JCoDA provides two options for calculation of dN/dS scores: regional pairwise calculation via sliding window or a site-specific calculation. Pairwise dN/dS performs the calculation between any user-selected sequences from a list of all possible comparisons presented in the GUI. For sliding window pairwise calculations, the size of the window, jump, and substitution models are configurable via drop down menus. Once the selected sequence comparisons are submitted, JCoDA parses through them by window, converts them to Phylip format, and feeds each window to PAML (yn00) suite to calculate dN/dS. JCoDA does this iteratively over all windows until the end of the selected sequence pair. The potential benefit of the sliding window option is that it can be performed very quickly and it is able to extract information about regional selection. However, it is important to note that methods that incorporate sliding windows have been demonstrated to be prone to artifact arising due to resampling and illustrate the importance of incorporating site-based methods and the likelihood ratio test in sequence analysis .

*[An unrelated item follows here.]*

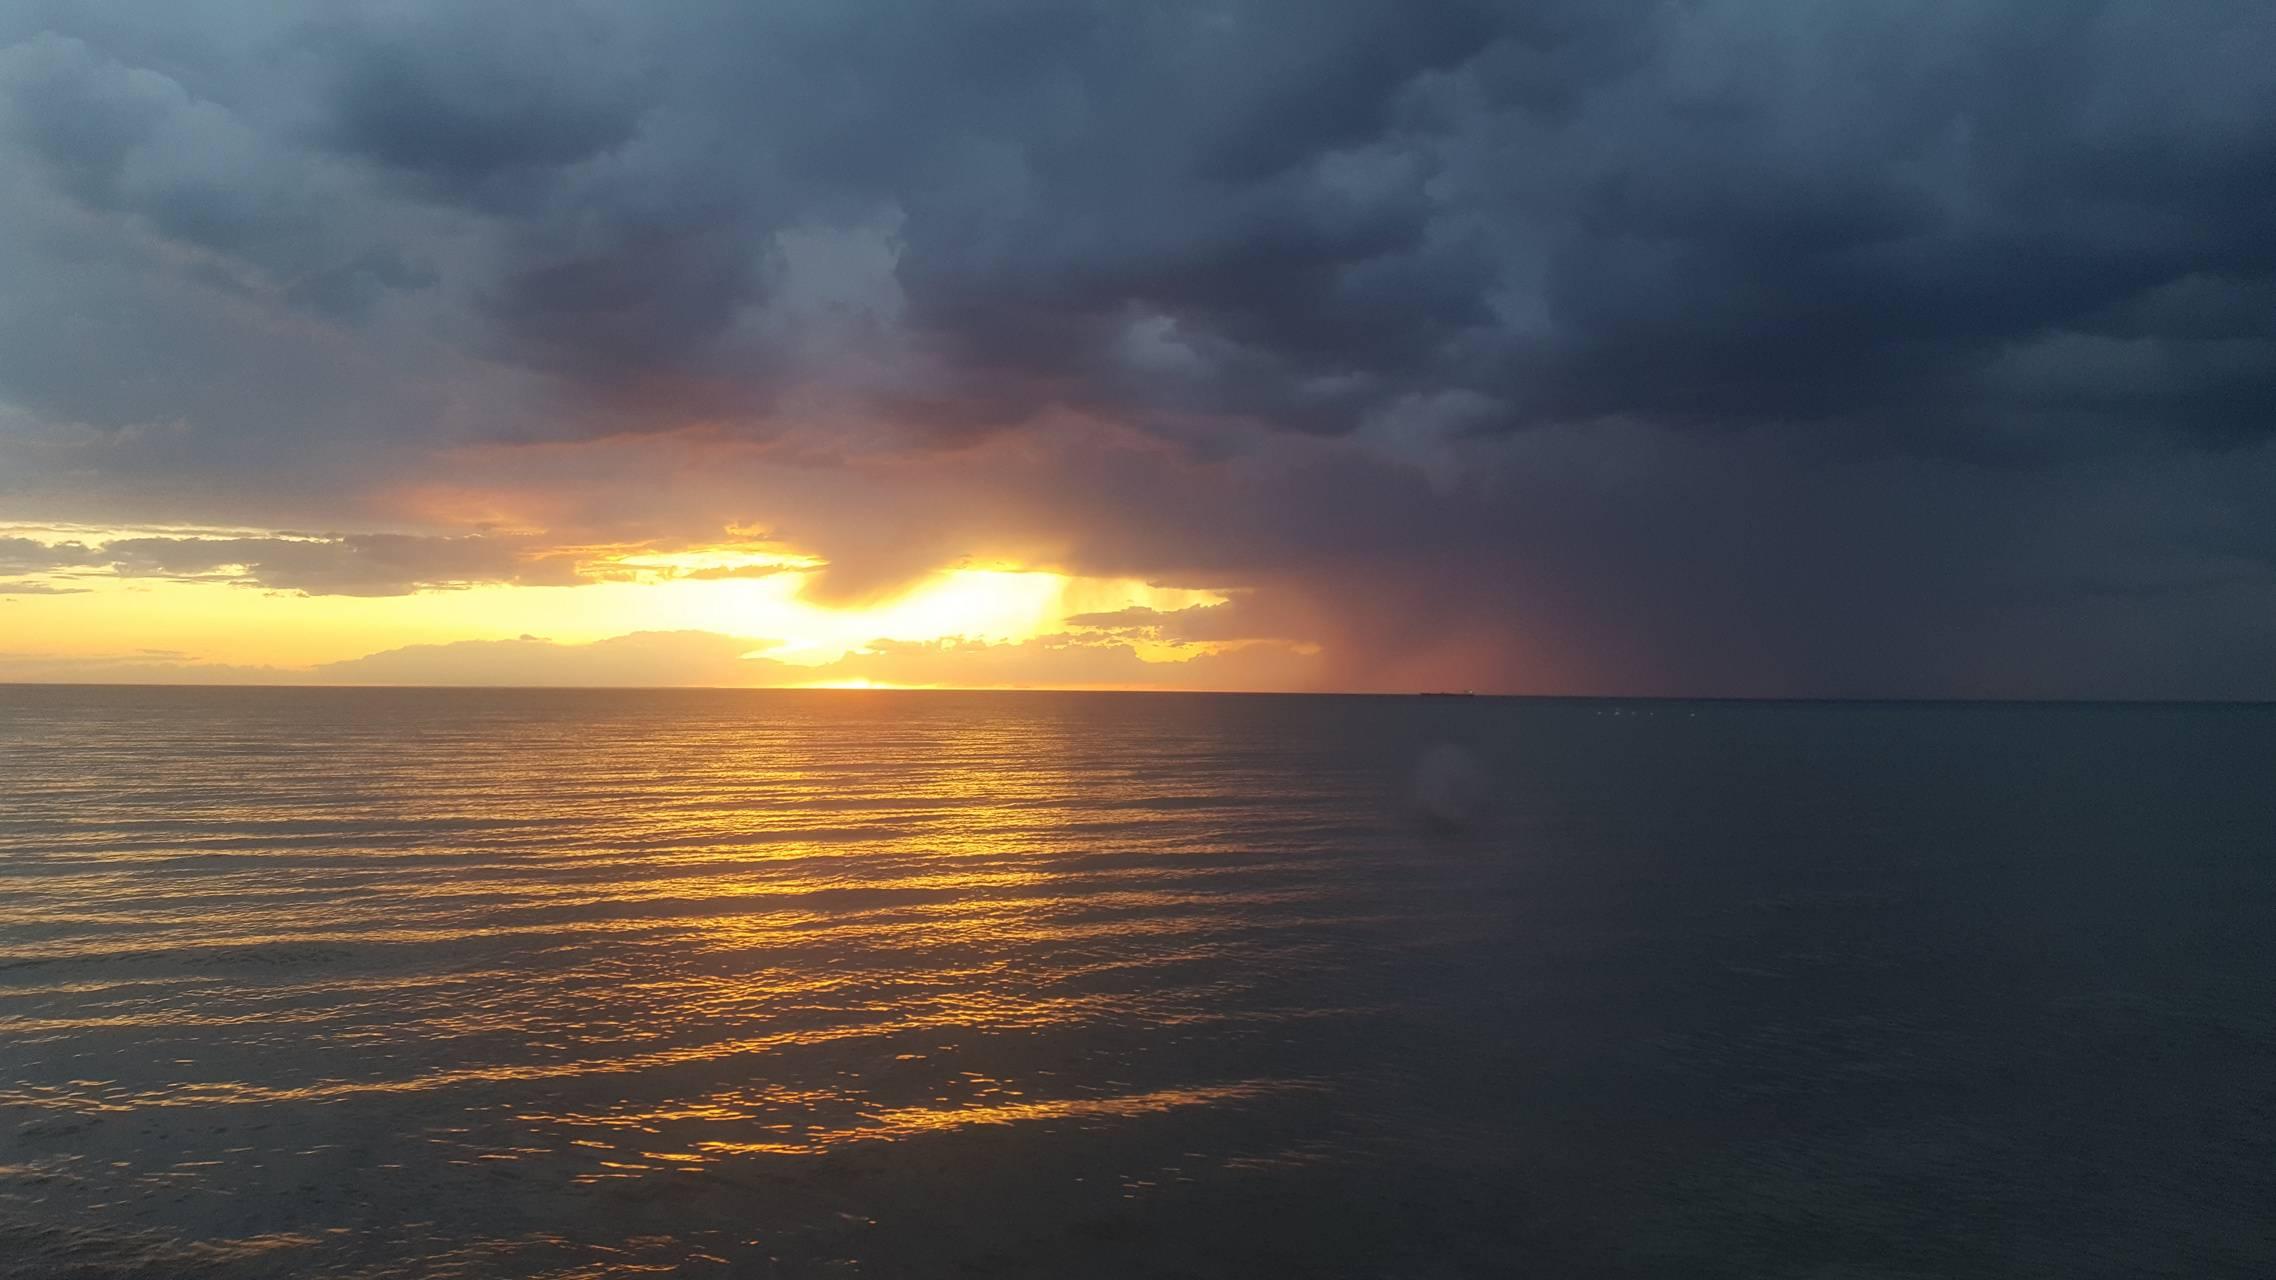 Light after storm

JCoDA takes advantage of the codeml executable included in the PAML package to implement site-specific dN/dS calculation. Similar to pairwise comparisons, JCoDA converts all inputted sequences to Phylip format and feeds them to codeml. In order for a site-based dN/dS calculation to be performed, the user must provide a tree file and set its path for use in the GUI. To allow for this operation, the JCoDA package includes a Java based graphical interface for the Phylip package , http://evolution.genetics.washington.edu/phylip.html). The Phylip Graphical Interface (PGI) allows for the generation of trees using neighbor-joining, parsimony, or maximum likelihood based methods of either DNA or protein. Regardless of the source of the tree file, JCoDA will accept any tree in Phylip format.
JCoDA implements M7 (fit to a beta distribution, dN/dS > 1 disallowed) -vs- M8 (fit to a beta distribution, dN/dS > 1 allowed) and M1a (nearly neutral) -vs- M2a (positive selection) in conjunction with the likelihood ratio test to check for evidence of positive selection . To maintain JCoDA's flexibility, the user is given the option to access the complete codeml control file as a selectable advanced options tab to vary other parameters.
Results and Discussion
Input requirements and alignments
The JCoDA user interface, input requirements, and installation have been designed to be easier to use while retaining the underlying power of the codeml and yn00 programs from the PAML package (Additional File 1, Additional File 2, Additional File 3, Additional File 4 and Additional File 5). For example, we have simplified the input requirements to the coding sequences (CDS) in FASTA format. There were two primary reasons for this streamlined approach. First, CDS can be readily batch retrieved from NCBI or organism specific databases such as Wormbase (WormMart) . Second, the risk of mismatch between DNA and protein sequences is eliminated by directly translating the CDS input by the user.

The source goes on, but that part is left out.